Sobre a Quebra da Criptografia da GSM e Porque Devemos Nos Preocupar
Há uma linha tênue entre a paranóia e a total disconexão com a realidade. E eu sou míope.
Essa semana um pesquisador independente soltou o Kraken, programa para decriptar conversas na rede GSM, além de rainbow tables para fazê-lo em tempo hábil.
Quebrar a criptografia da GSM (chamada A5/1) não é tão novidade assim; há cerca de 10 anos papers são publicados sobre isso.
O problema agora é a facilidade de acesso aos meios de decriptar. Enquanto antes a quebra deveria ser feita offline (primeiro captura a conversa, depois decripta), agora ela pode ser feita com um delay mínimo, na casa dos poucos segundos e em equipamentos disponíveis para qualquer um.

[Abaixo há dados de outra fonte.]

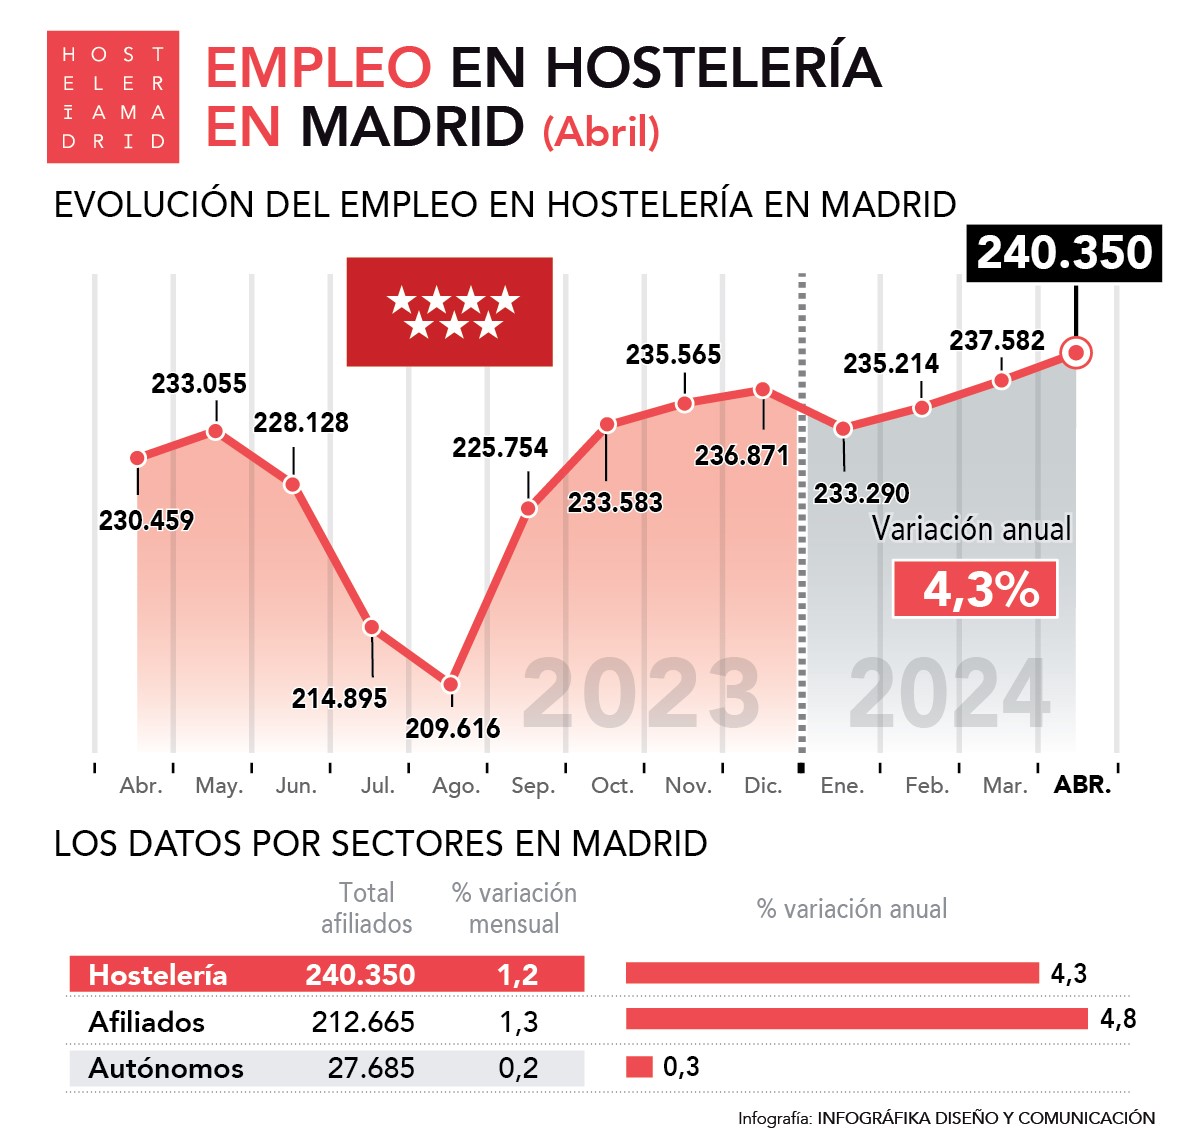 Crece un 4,3% el empleo en abril en la hostelería de Madrid, la segunda región que más crece después de Canarias - La Viña
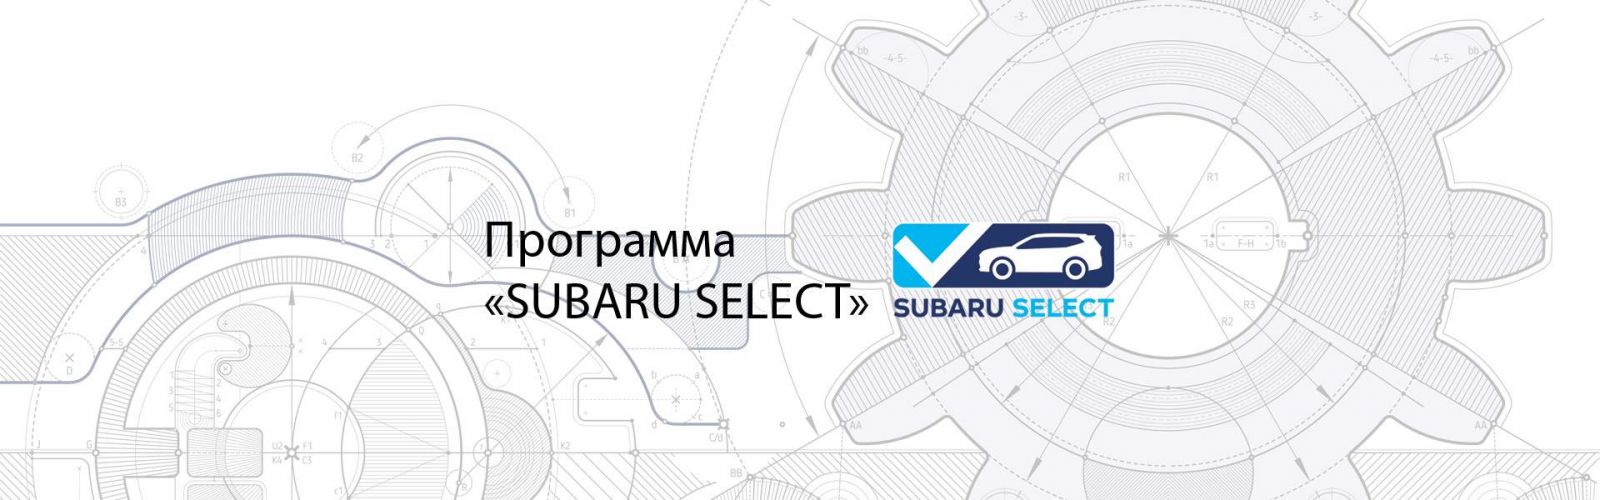 Subaru Certified Used Vehicle Program (CPO).

Agora, eu não acredito que isso se torne tão popular como os ataques a wifi se tornaram. Não é todo mundo que tem seus 1400 dólares pra dar numa USRP, além de outro tanto para investir num computador capaz de rodar o Kraken, que precisa de um quad-core com 3GB de RAM no mínimo.
USRP, para quem nunca ouviu falar, significa Universal Software Radio Peripheral, e pode ser utilizado para um número de fins legítimos. É um dos meus sonhos de consumo, por sinal.
O projeto OpenBTS, por exemplo, utiliza USRPs junto do Asterisk para criar uma rede GSM local. A legalidade de fazê-lo no Brasil é uma incógnita pra mim.
O problema reside neste monte de governozinhos ditatoriais (inclusive aqueles que pretendem ser no futuro) que tem dinheiro pra isso. Não sei quanto a vocês, mas eu não confio no governo.
“Quem não deve, não teme”, você me diz, com toda a sabedoria de quem repete um bordão de sua avó. Pois é, mas devendo, temendo ou não, eu simplesmente não quero ter minhas conversas ouvidas. Ninguém mais tem que saber que liguei para minha mãe e pedi bolacha Trakinas além de mim e ela.
Este pensamento leva a um conformismo abre margem para mais e mais invasões de privacidade e mais controle sobre nós. Não estou aqui advogando a anarquia e a paranóia, mas sem uma boa dose de rebelião e um pé atrás nós não sairemos do lugar, ou, pior ainda, regrediremos.
Há um bom motivo para ser necessário autorização para grampear telefones e quebrar sigilos bancários: controlar o abuso do poder. Claro que já existia meios de se grampear telefones e fazer escutas na GSM há alguns anos, mas pelo menos era mais difícil. Com a facilidade de se fazer isto no fundo do quintal temos também a facilidade em fazê-lo ilegalmente.
E mesmo que nosso governo fosse totalmente confiável e vivamos num mundo utópico onde ninguém seria caçado por motivos puramente políticos, ainda temos que nos preocupar com o crime organizado, com a quadrilha planejando seqüestrar o gerente do banco e tendo agora mais uma ferramenta à disposição.
Infelizmente ficaremos nesta situação por um bom tempo, já que é inviável trocar o algoritmo de criptografia de todas as redes GSM do mundo. Seriam 4.3 milhões de aparelhos que parariam de funcionar. Uma implementação nova seria lenta e cara, e sem pressão dos consumidores as empresas de telecom não farão nada.
Mesmo com pressão, aliás, porque há países onde se implementa o A5/2, um algoritmo deliberadamente mais fraco, ou ainda nem há criptografia alguma. Tudo isso por leis locais e pressão de governos para facilitar a vida deles aos espionar os cidadãos. Um algoritmo mais forte nos próximos anos é tão provável quanto o Papai Noel comer Coelho da Páscoa Assado para comemorar um Sabbath.